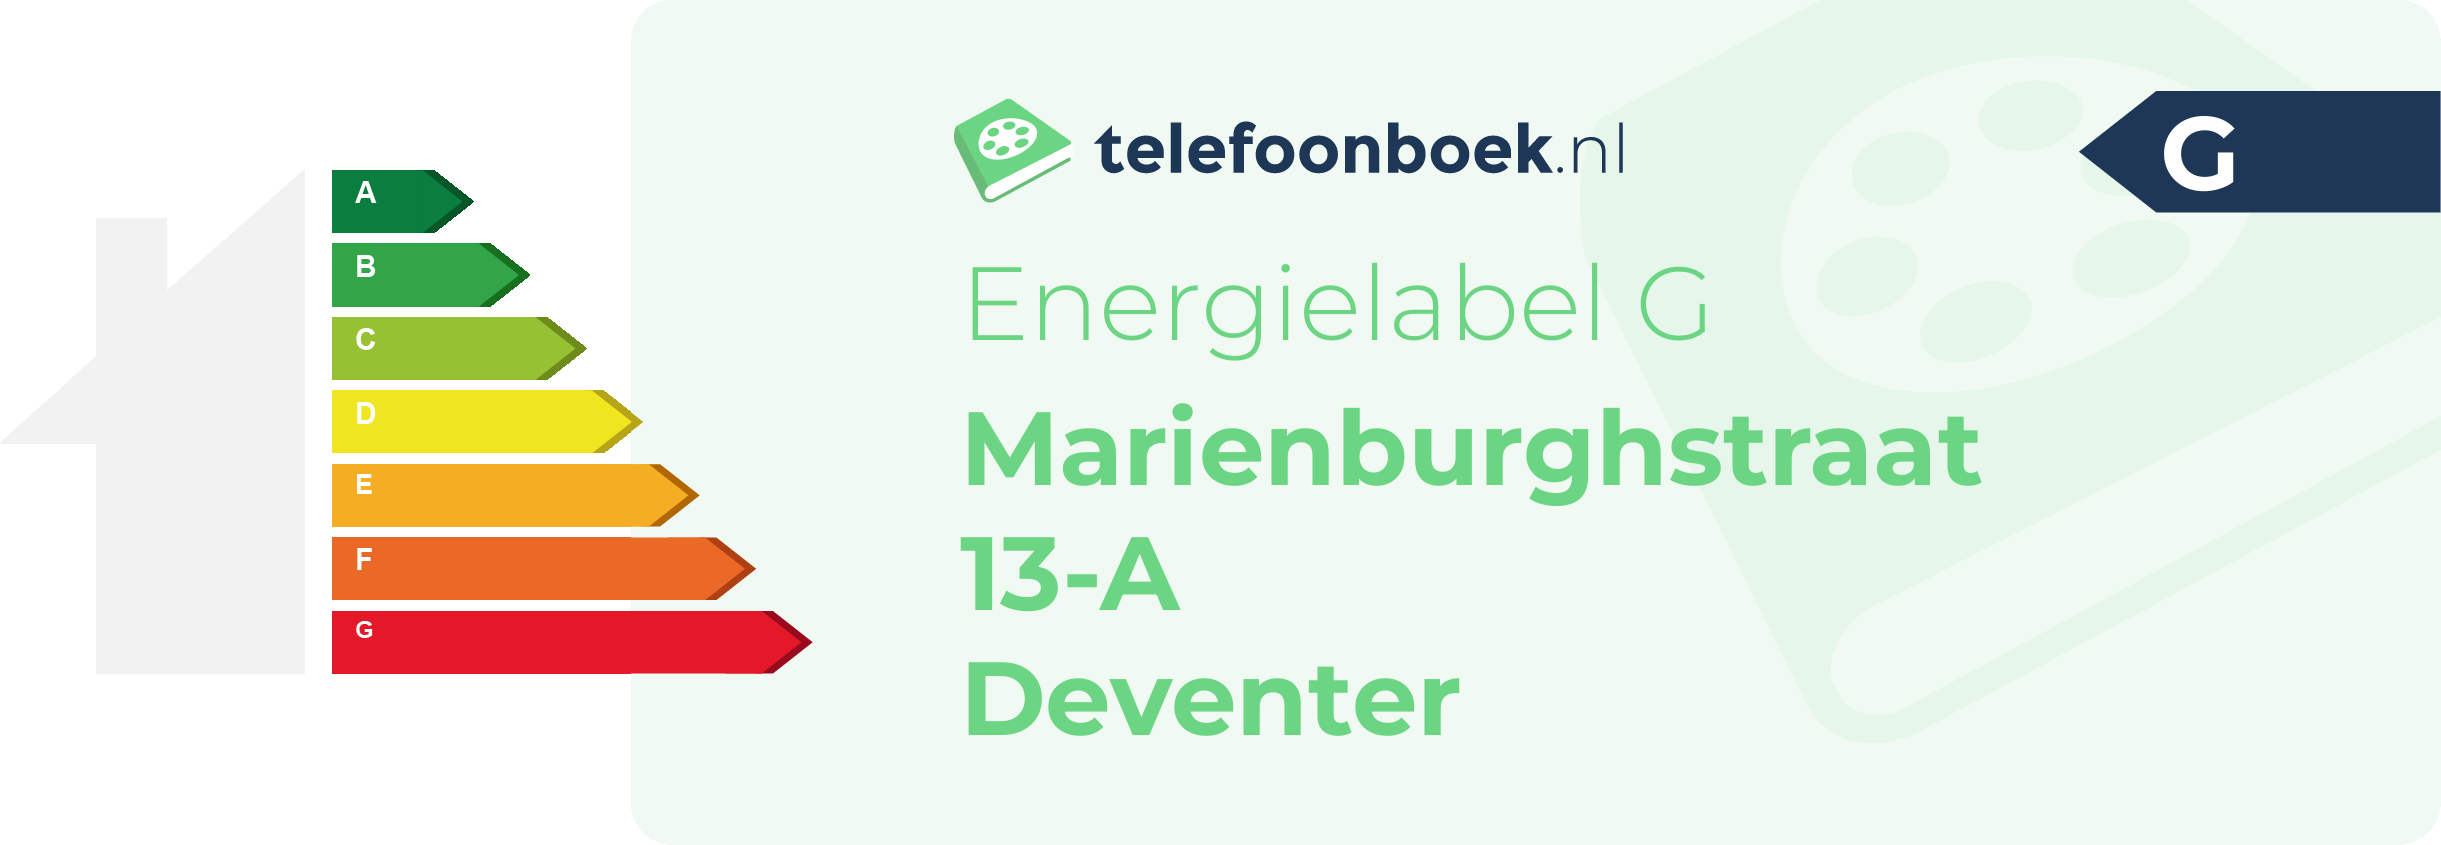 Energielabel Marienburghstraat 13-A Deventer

------------

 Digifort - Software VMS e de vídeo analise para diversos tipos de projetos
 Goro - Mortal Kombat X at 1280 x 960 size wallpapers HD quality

------------

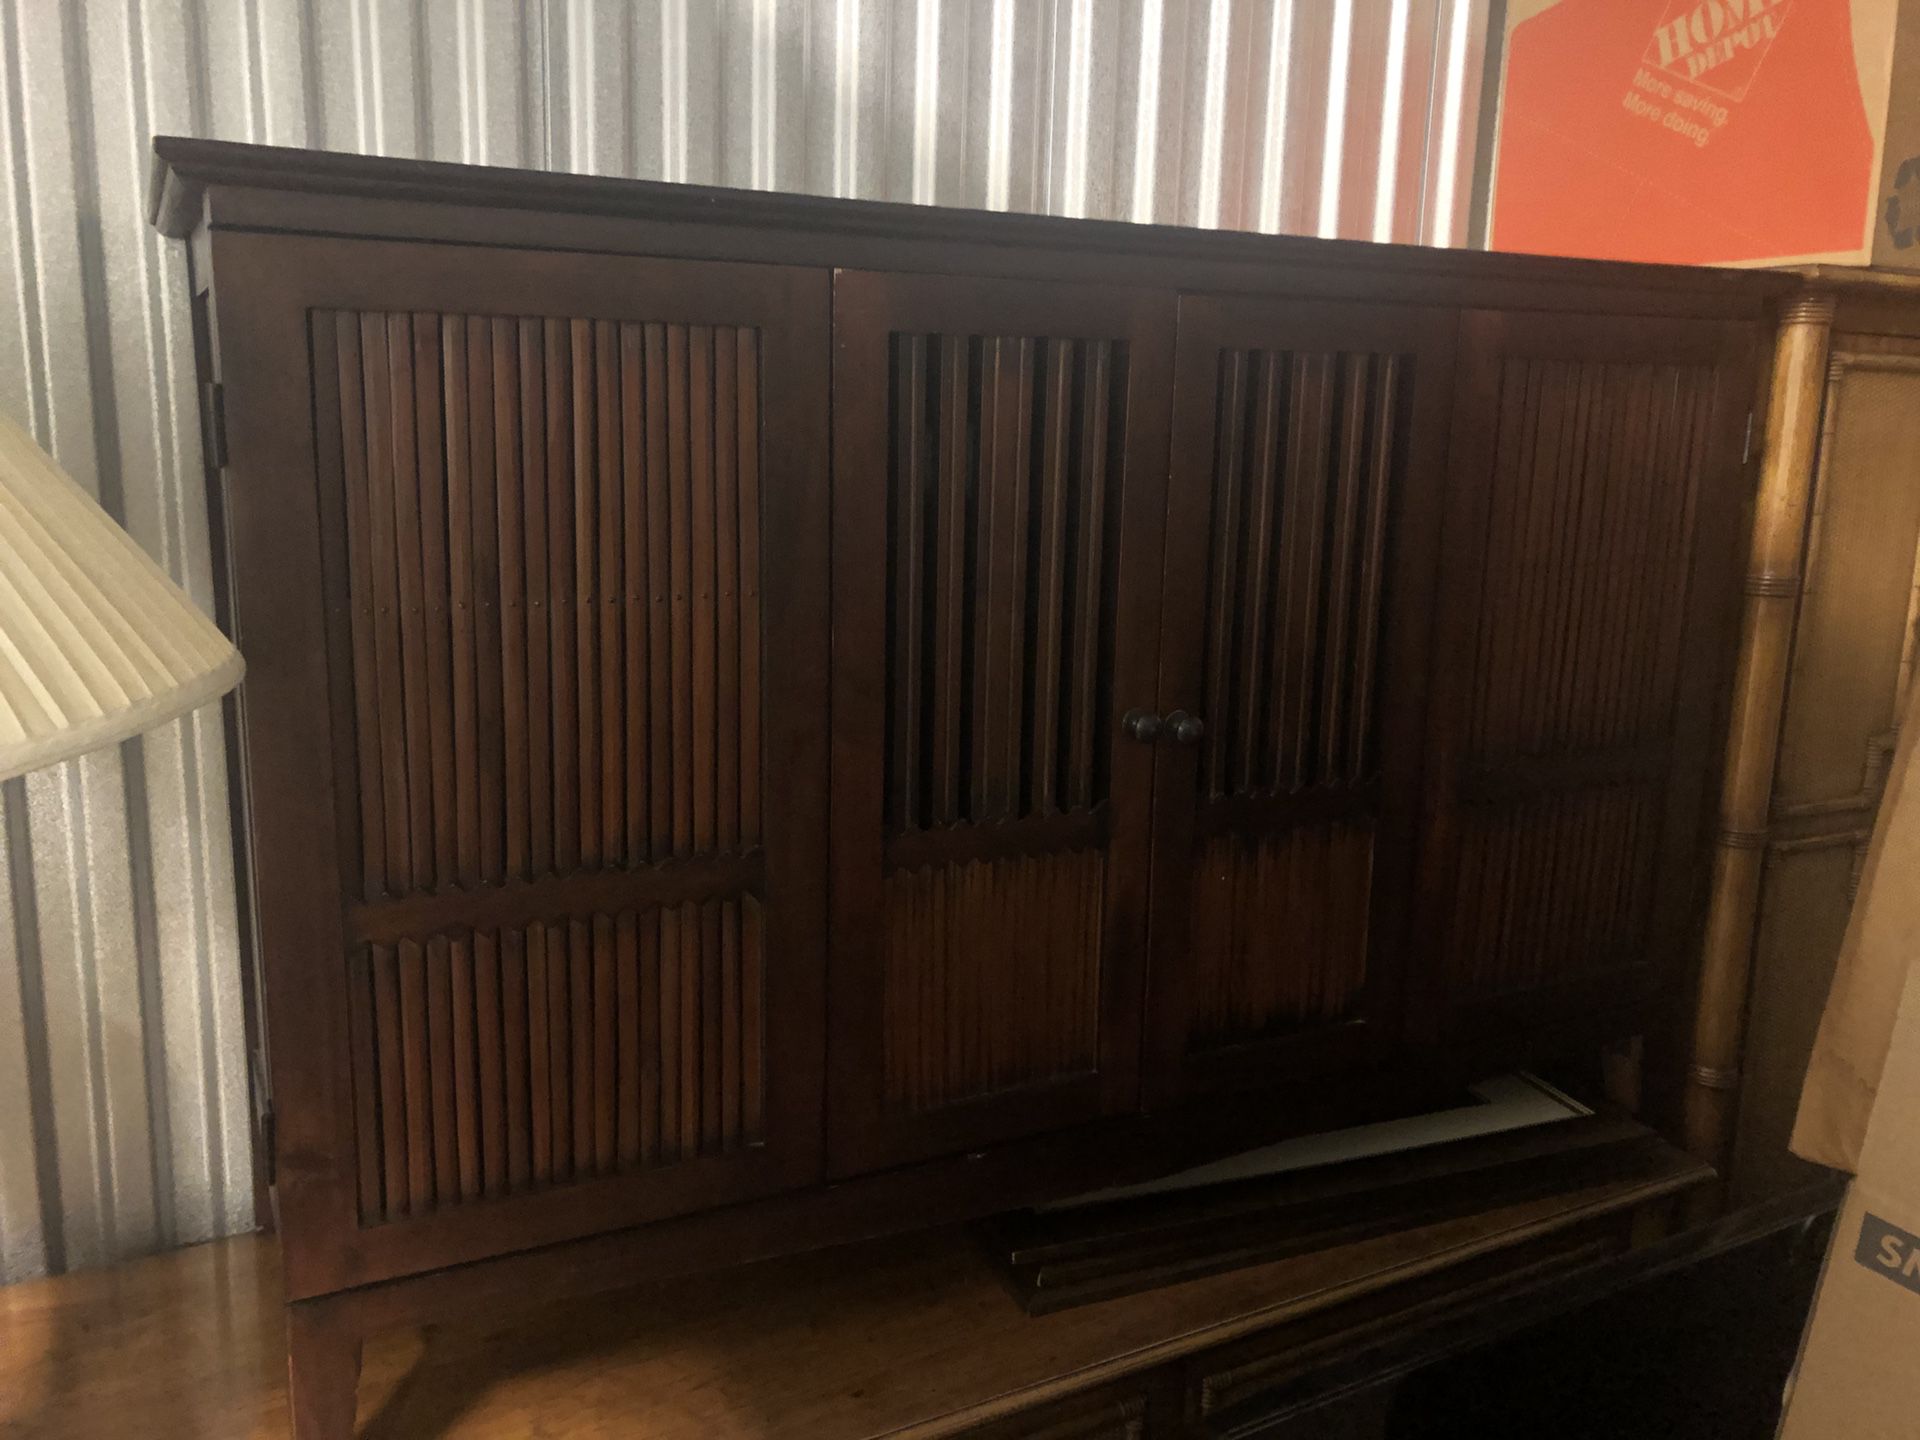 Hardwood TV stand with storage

------------

### Problem
In the listing above, find the line containing "Digifort - Software" and the line containing "Goro - Mortal". Output them and every line between, exactly, and nothing else.

### Exercise answer
 Digifort - Software VMS e de vídeo analise para diversos tipos de projetos
 Goro - Mortal Kombat X at 1280 x 960 size wallpapers HD quality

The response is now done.